It just does a real cut-down printf():
//
// Example of 'Sprint' - a cut-down printf()
// - saves time typing in debug output for Serial.print
// TonyWilk
//-----------------------------
// Serial.print helper function
// - a real cut-down printf()
//
void Sprint( char *fmt, ... )
{
char c;
va_list args;
va_start( args, fmt );
while( (c=*fmt) != 0 ){
switch( c )
{
case '%':
c= *(++fmt);
switch( c )
{
case 'd': Serial.print( va_arg(args,int) ); break;
case 'f': Serial.print( va_arg(args,double) ); break;
case 'h': Serial.print( va_arg(args,int), HEX ); break;
case 'c': Serial.print( (char)va_arg(args,int) ); break;
case 's': Serial.print( va_arg(args, char *) ); break;
default: break;
}
break;
case '\\':
c= *(++fmt);
if( c == 'n' )
Serial.println();
else
Serial.print( c );
break;
default:
Serial.print( c );
break;
}
++fmt;
}
va_end( args );
}
void setup() {
// put your setup code here, to run once:
Serial.begin(19200);
Serial.println("boot...");
char *astring= "test string";
Sprint("This is an example...\n");
Sprint("int:%d, float:%f, hex:0x%h, char: '%c', string:\"%s\".\nThe end\n",
42, 123.45, 0xFACE, 'x', astring );
}
void loop() {
// put your main code here, to run repeatedly:
}
Efficient? well, it's a lot easier to type in "int:%d, float:%f, hex:0x%h\n" than the equivalent in separate statements and it doesn't need yet another buffer (like printf() would).
Anyway, I find it handy.
Yours,
TonyWilk
P.S. dunno how portable this is across all Arduinos, I dimply remember something about the types used with va_arg causing me some bother. I run only run Arduino Pro Mini (AtMega328).

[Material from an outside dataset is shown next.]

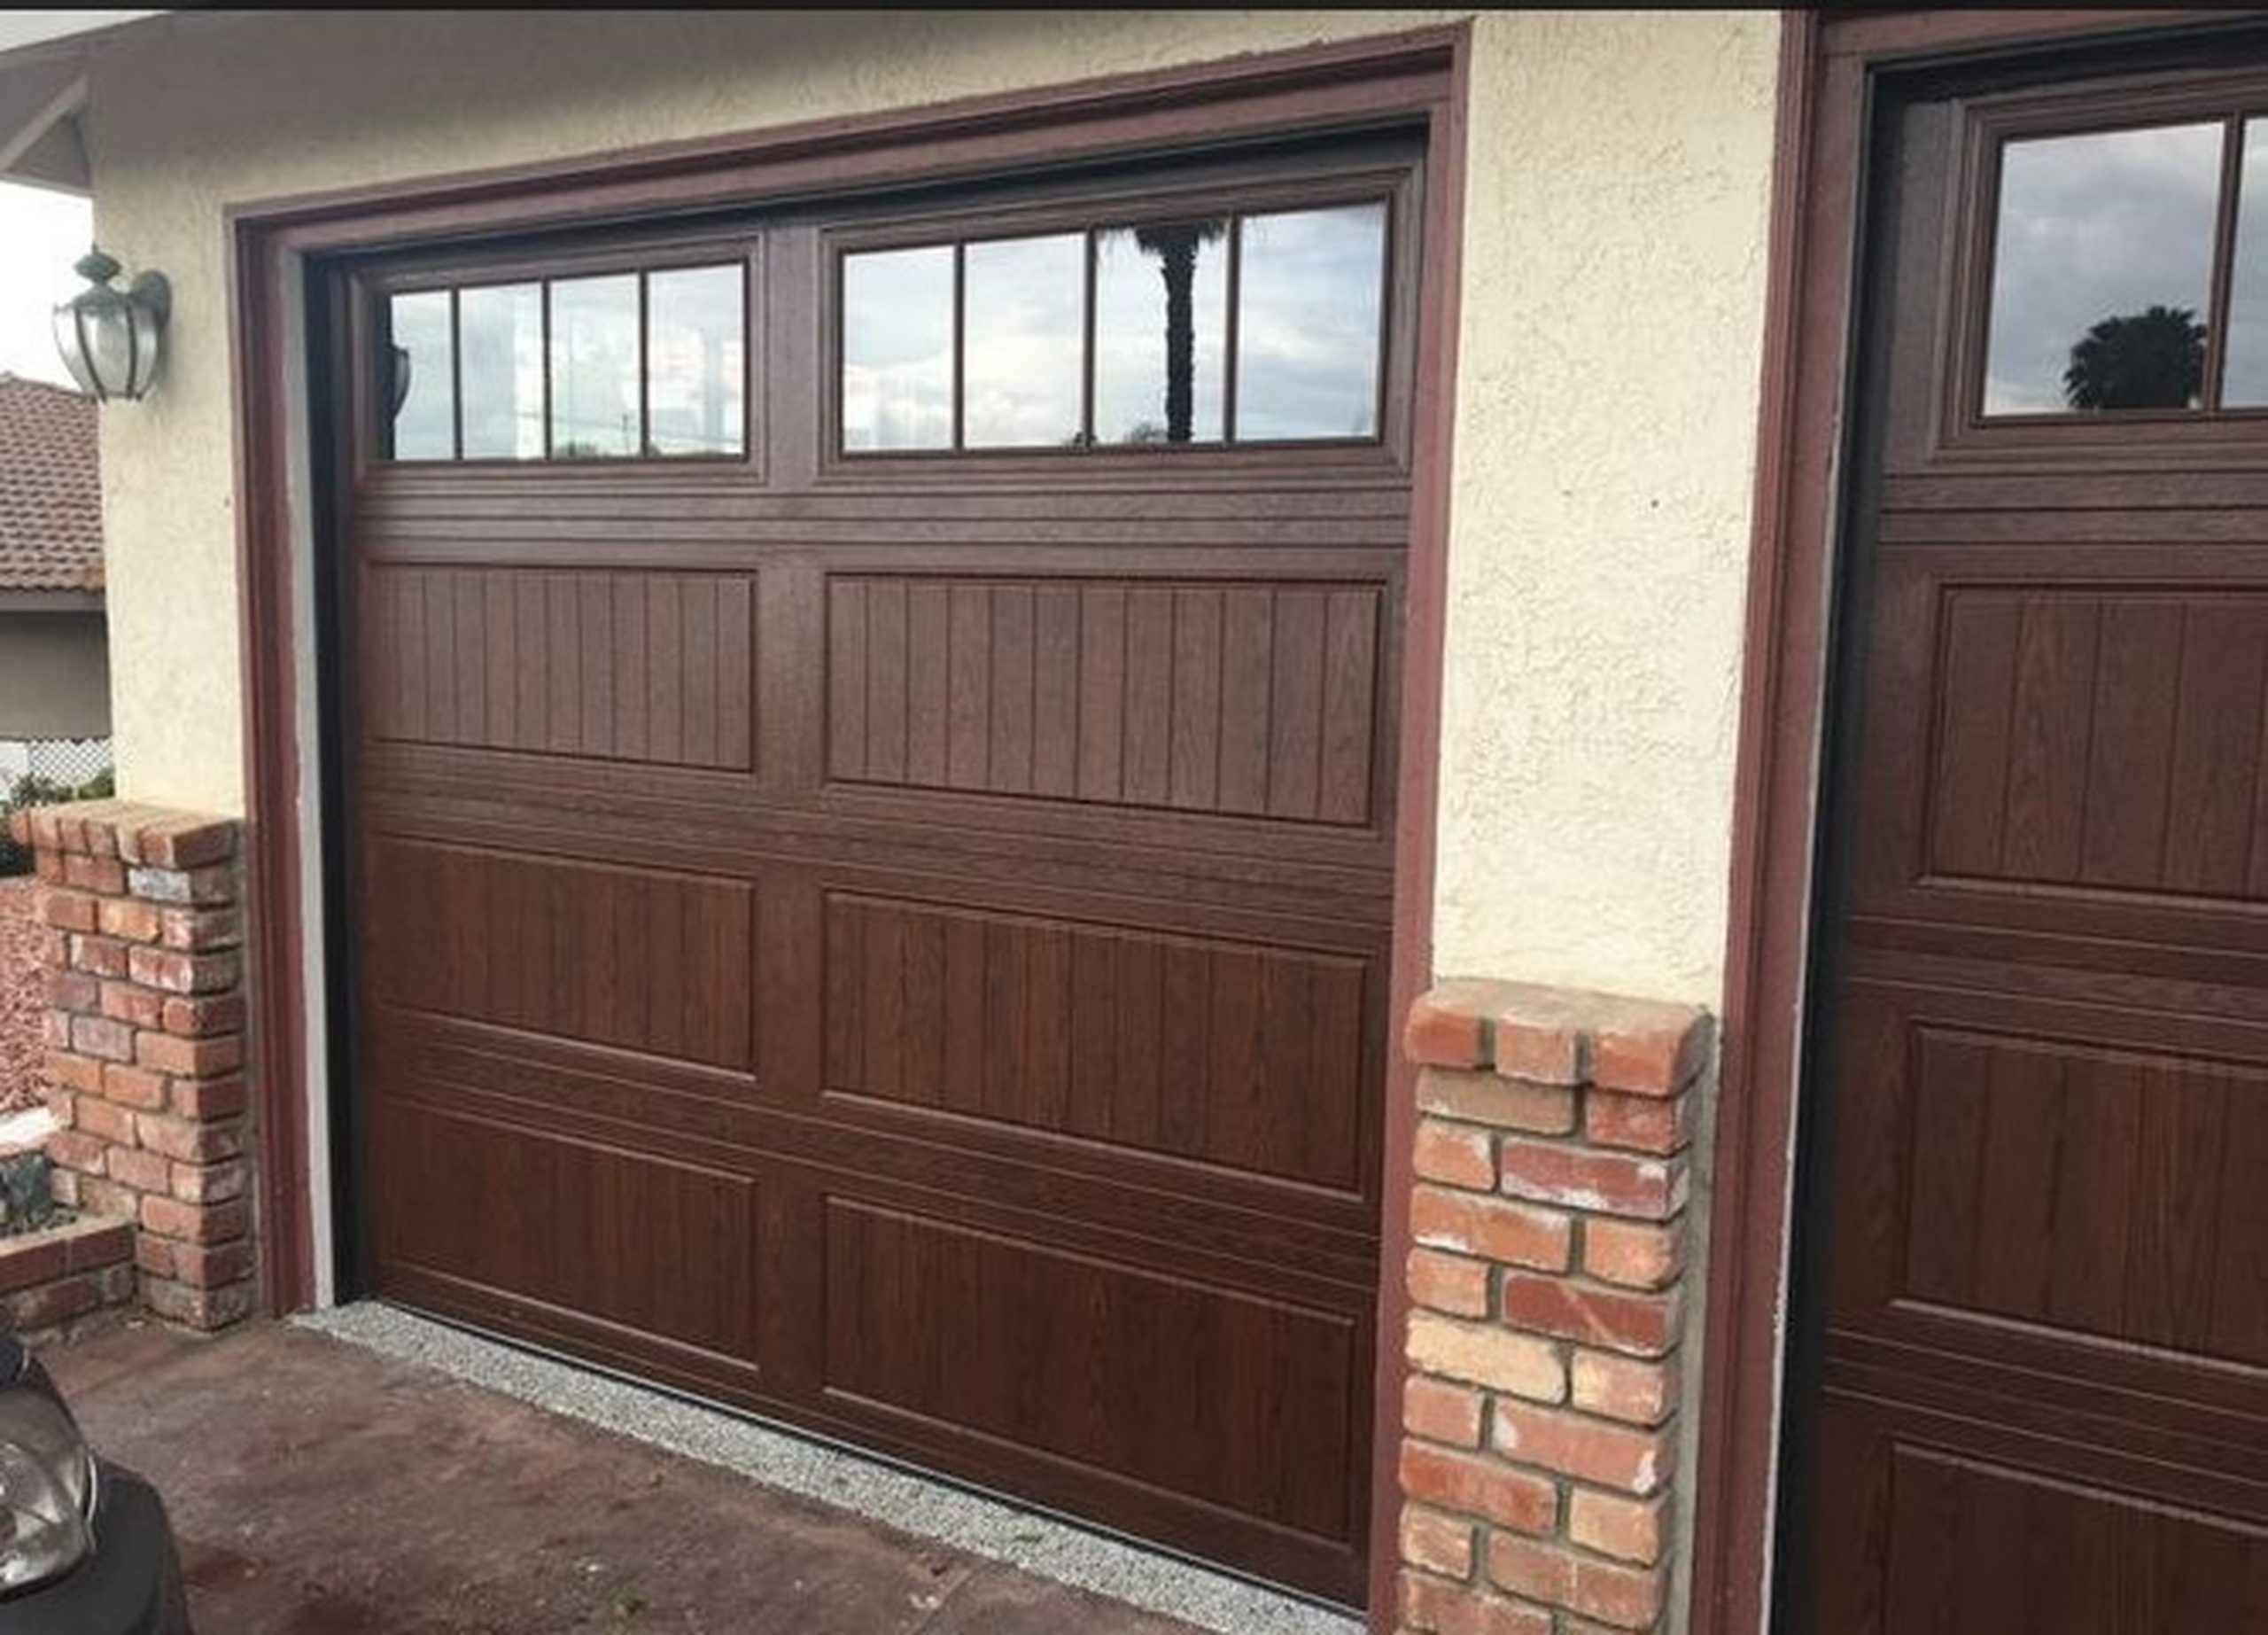 Garage Door Repair Minnesota – Types of Garage Door Problems

Regarding the question about the example sketches:
Does this look right? I have no idea what I'm supposed to be seeing.......
Yes, each sketch prints a few things, based on your original example sketch in reply #1. To get a "random" value for printing, it takes the lower 8 bits of the current micros clock:
value = millis() & 0xFF;
Each sketch grabs the current micros clock value before the print:
unsigned long start = micros();
and calculates the elapsed time after the print:
micros() - start
It then prints that elapsed time so you can see how long the print formatting took. This time is not affected by the baud rate, because all characters are simply added to the Serial output buffer. Interrupts will eventually send them over the USB, where the Serial Monitor window will eventually read and display them on the PC.
The delay statement at the end gives the interrupts time to empty the output buffer, in the background.
To measure the RAM and program size, get the numbers from the IDE build window.
To measure the execution speed, upload and run each sketch. The execution time varies by a few TIMER0 ticks (±4us).
Regarding the piece-wise printing technique, I share your annoyance:
This saves me the headaches of using multiple "Serial.print" calls and makes for easier reading of the source code itself.
... and...
I found it a pain to type multiple Serial.print()'s
We have discussed this before. If your metric is lines of code, then instead of individual prints:
Serial.print( "RAM string" );
Serial.print( f );
Serial.print( ',' );
Serial.println( i, HEX );
...use the streaming operators (aka "stream insertion"):
Serial << "RAM string " << f << ',' << _HEX(i) << endl;
(See correction note below.)
This single line of code can be used in place of printf, and does not use RAM buffers at all. In fact, it actually resolves to individual Serial.print calls through the magic of C++ templates. It has the same RAM, speed and program size performance as the piece-wise print technique. Here is the sketch for comparison:
#include <Streaming.h>
volatile int value;
char hexDigit( int v )
{
v &= 0x0F; // just the lower 4 bits
if (v < 10)
return '0' + v;
else
return 'A' + (v-10);
}
void setup()
{
Serial.begin( 9600 );
}
void loop () {
value = millis() & 0xFF;
unsigned long start = micros();
Serial << F("The value is currently 0x") << hexDigit( value >> 4 ) << hexDigit( value ) << F(" units") << endl;
Serial.print( micros() - start );
Serial.println( F("us") );
delay (1000); // print out voltage once a second
}
For more information, see
* A commonly-used streaming template for the Arduino, with similar discussion about multiple print statements.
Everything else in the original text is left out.